> _Problem description_
Reproduce exactly the run of lines that begins with the one containing "No Knead Dutch" and ends with the last line of the records, omitting pictures.

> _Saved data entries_
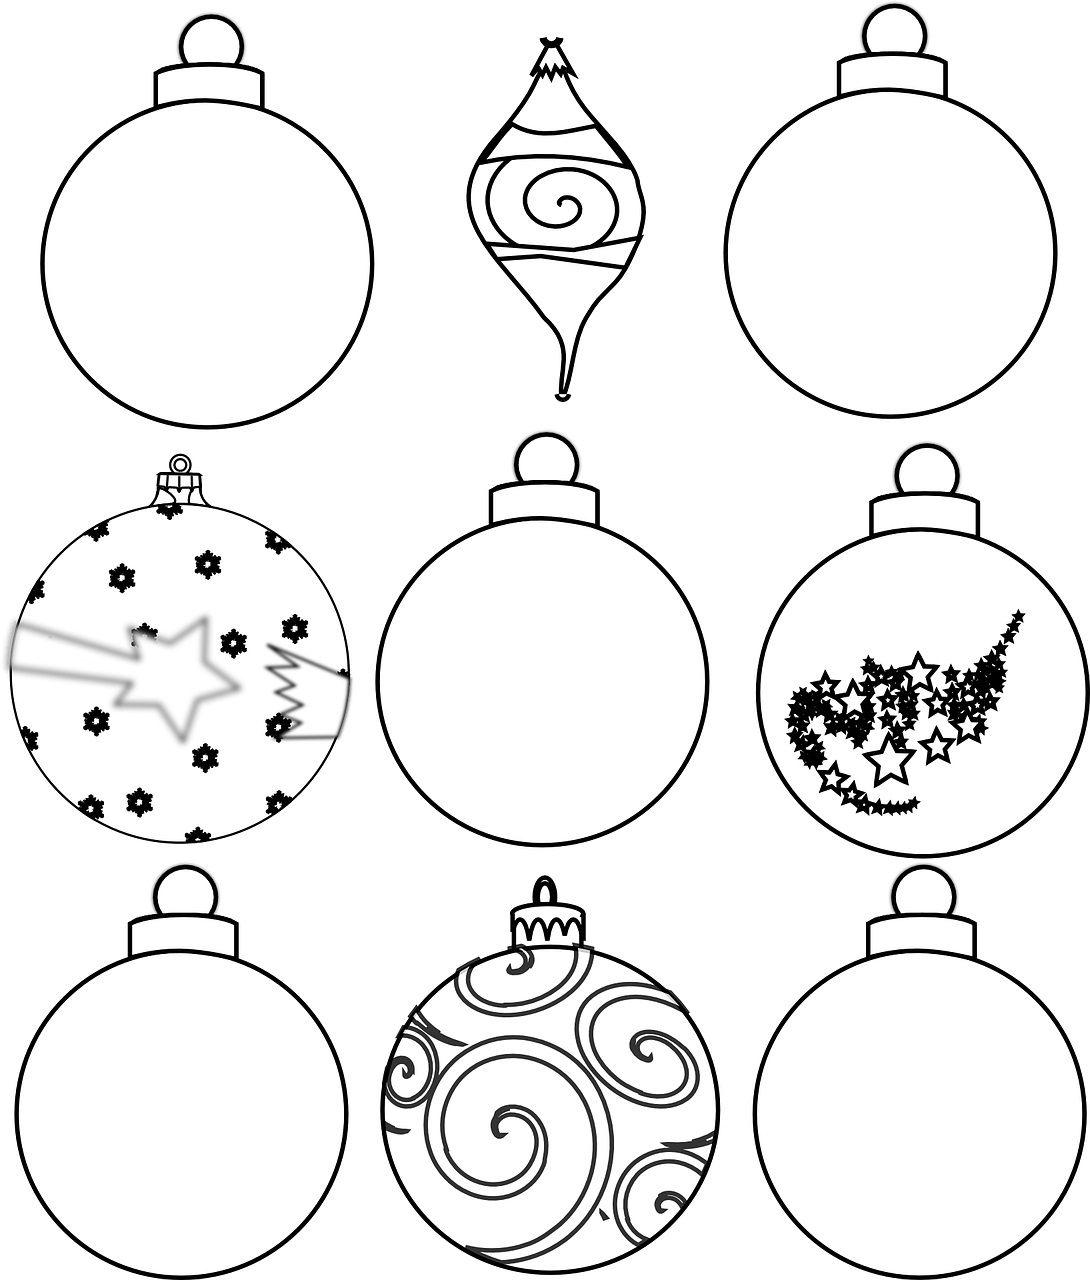 002 Excellent Printable Christma Ornament Template Sample  Templates Stencil Felt Pattern TreeFull
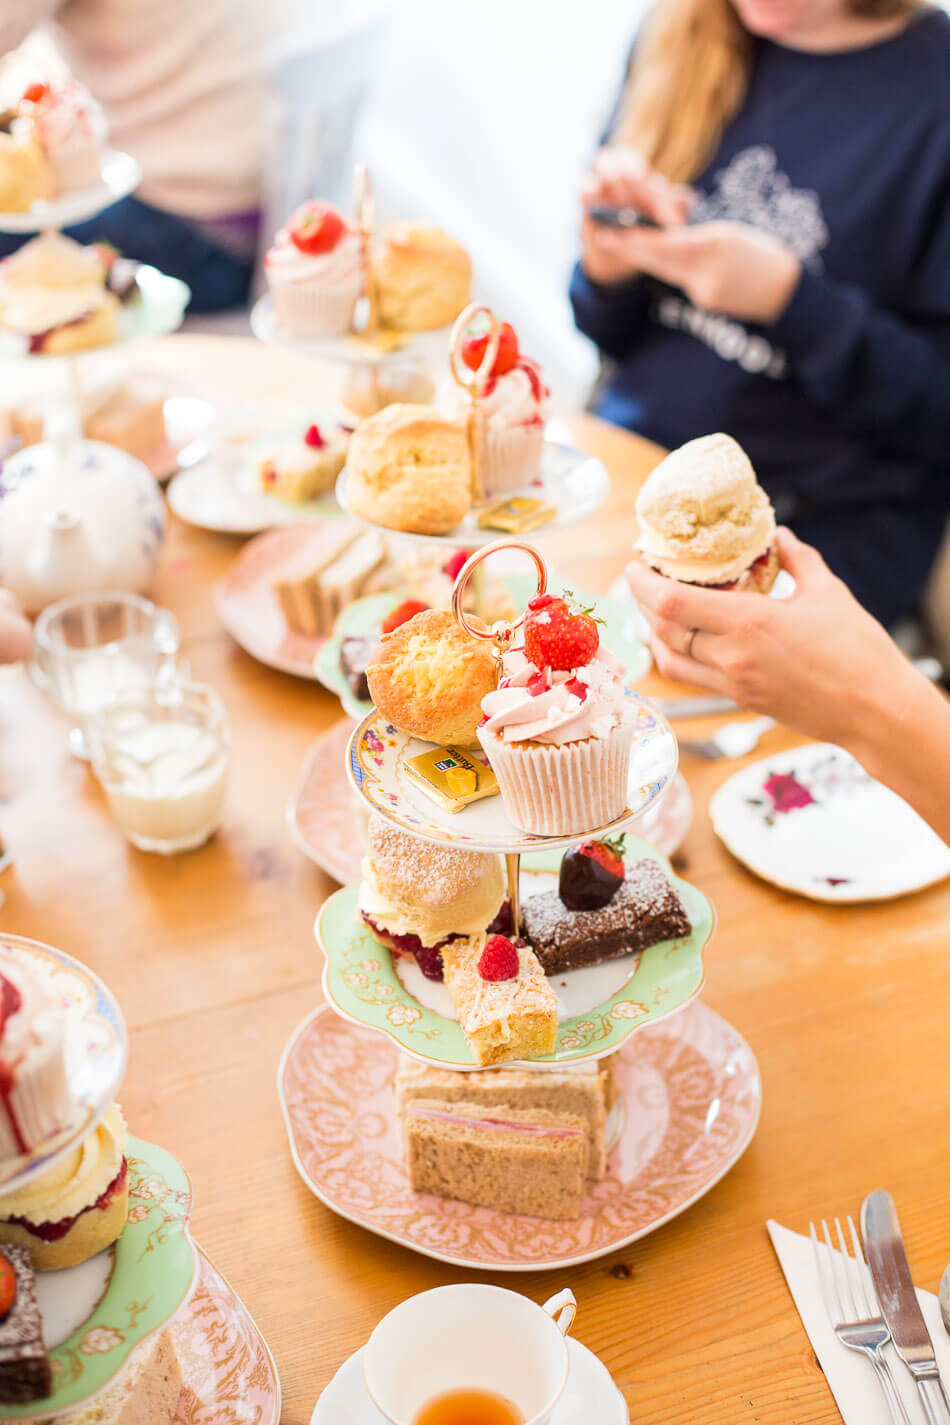 GB Cupcakery
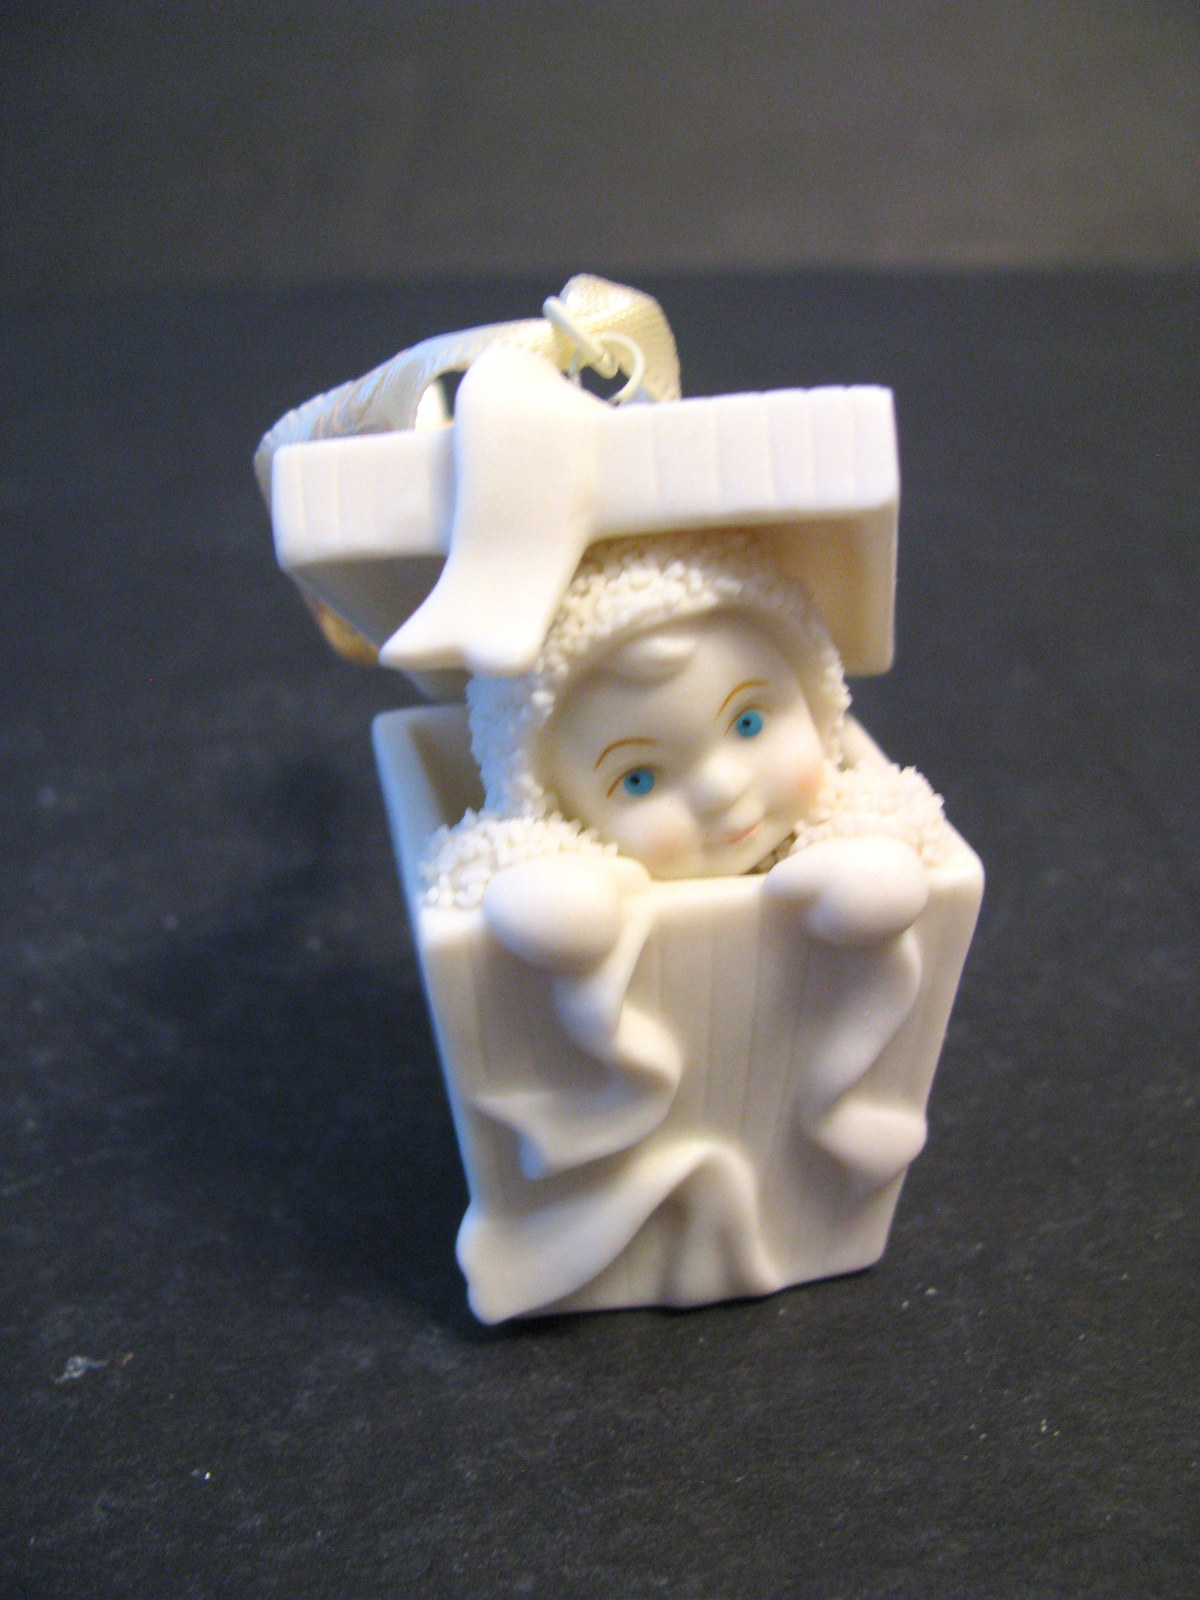 Department 56 snowbabies ornaments - Snowbabies Mini Department 56 Ornament Baby Gift 69535 9 99
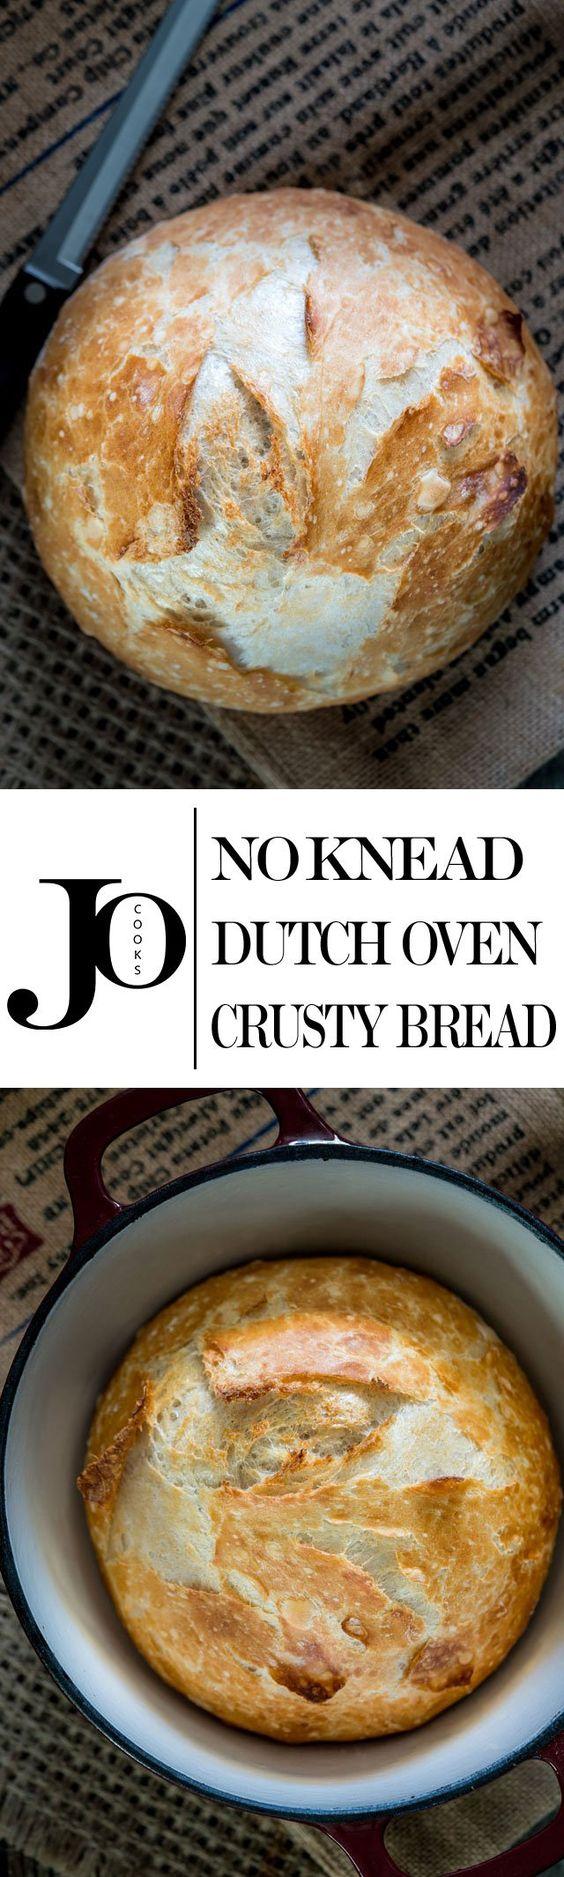 No Knead Dutch Oven Crusty Bread - no kneading required, 4 ...
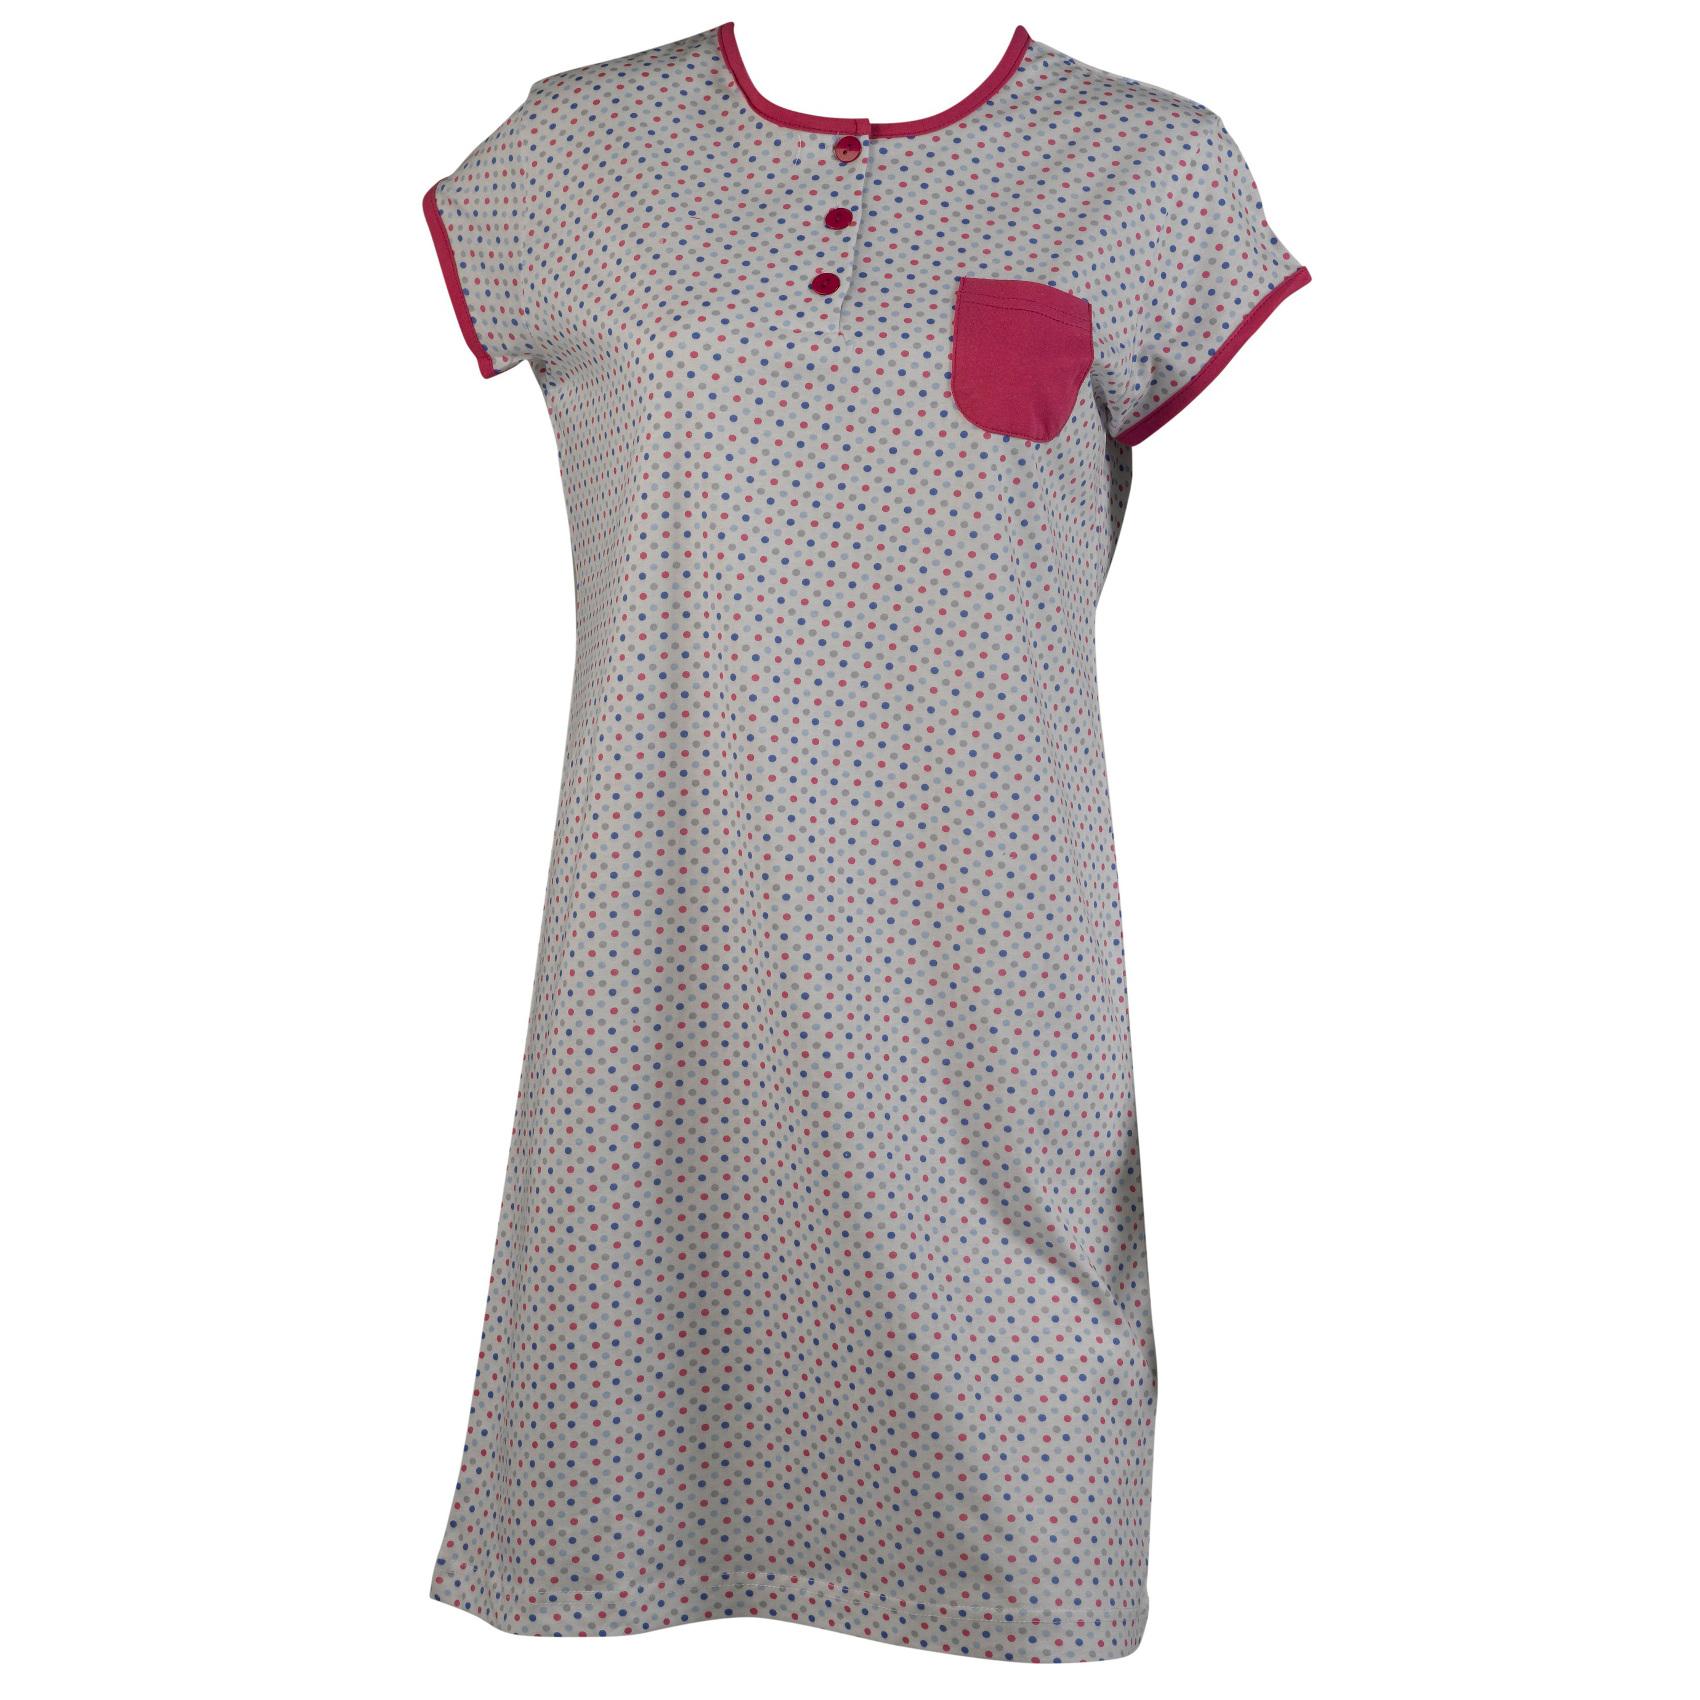 19c28e10d239 Ladies Short Sleeved Spotty Night Dress 100 Cotton Womens Polka Dot ...

> _Answer to this task_
 No Knead Dutch Oven Crusty Bread - no kneading required, 4 ...
 19c28e10d239 Ladies Short Sleeved Spotty Night Dress 100 Cotton Womens Polka Dot ...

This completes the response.